Data latency and Watermark configuration

  1. Latency calculation logic
    The current monitoring metric, Emit Delay, is calculated based on event time. The formula is as follows:

    Delay = Current system time - Logical time field in the data payload (for example, PriceData.time)

    This means the metric reflects the freshness of the data, not the processing speed of the system. The metric value will be high if the data itself is old or if the system pauses output to wait for watermark alignment.

  2. Recommended adjustments

    Scenario 1: The business logic relies heavily on watermarks for correctness, but the data source is old

    • Typical situations:

      • Upstream data transmission has inherent latency, such as slow instrumentation reporting.

      • Historical data is being backfilled, processing data from the previous day.

      • The business logic must rely on watermarks to handle out-of-order events and cannot be disabled.

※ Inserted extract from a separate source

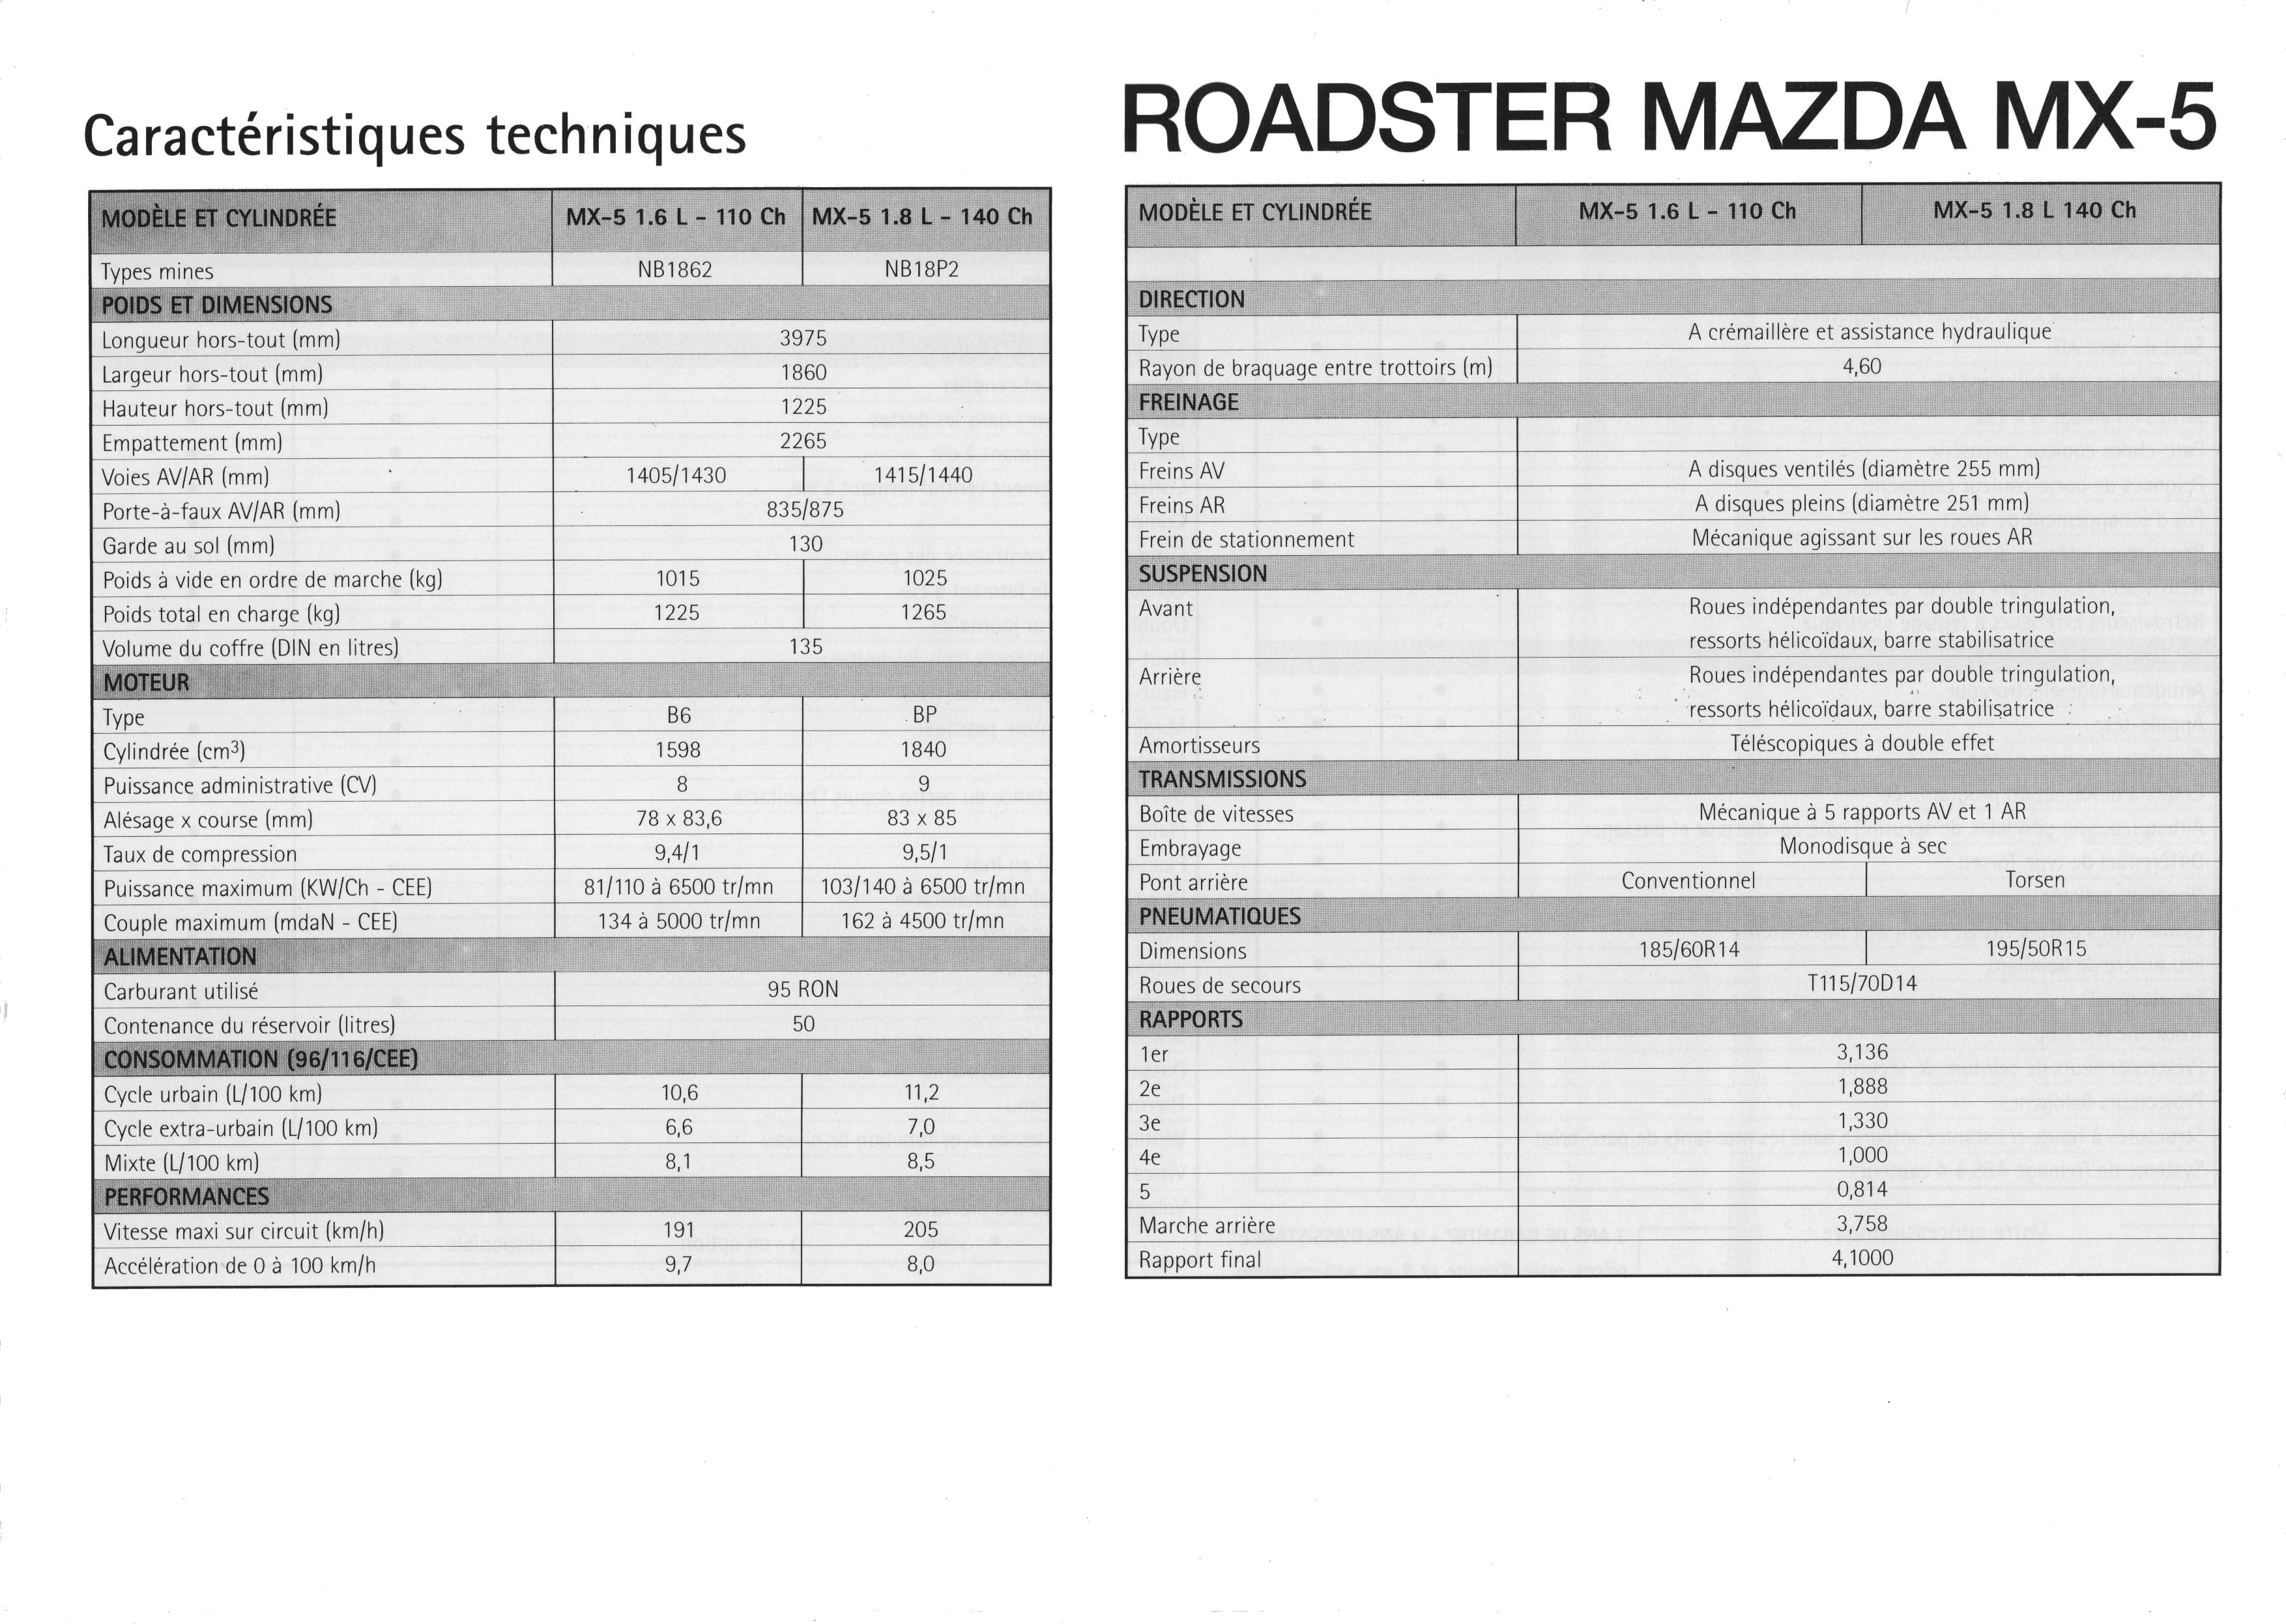 1999 Mazda MX 5 brochure

    • Symptom: Monitoring alerts show high latency, but the Kafka consumer group has no message accumulation (Lag ≈ 0) and the CPU load is low.

    • Recommendations:

      1. Ignore this latency metric: A high delay in this case is normal business behavior because it reflects that the data is old. This does not indicate a system fault.

      2. Change the monitoring metric: O&M engineers should monitor the Kafka Consumer Lag (message accumulation) instead. As long as the accumulation does not continuously increase, the system's processing capability is normal and no intervention is needed.

    Scenario 2: Real-time performance is prioritized, and minor out-of-order events or data loss is tolerable

    • Typical situations:

      • For dashboards or real-time risk control, output is slow because data is waiting for watermarks.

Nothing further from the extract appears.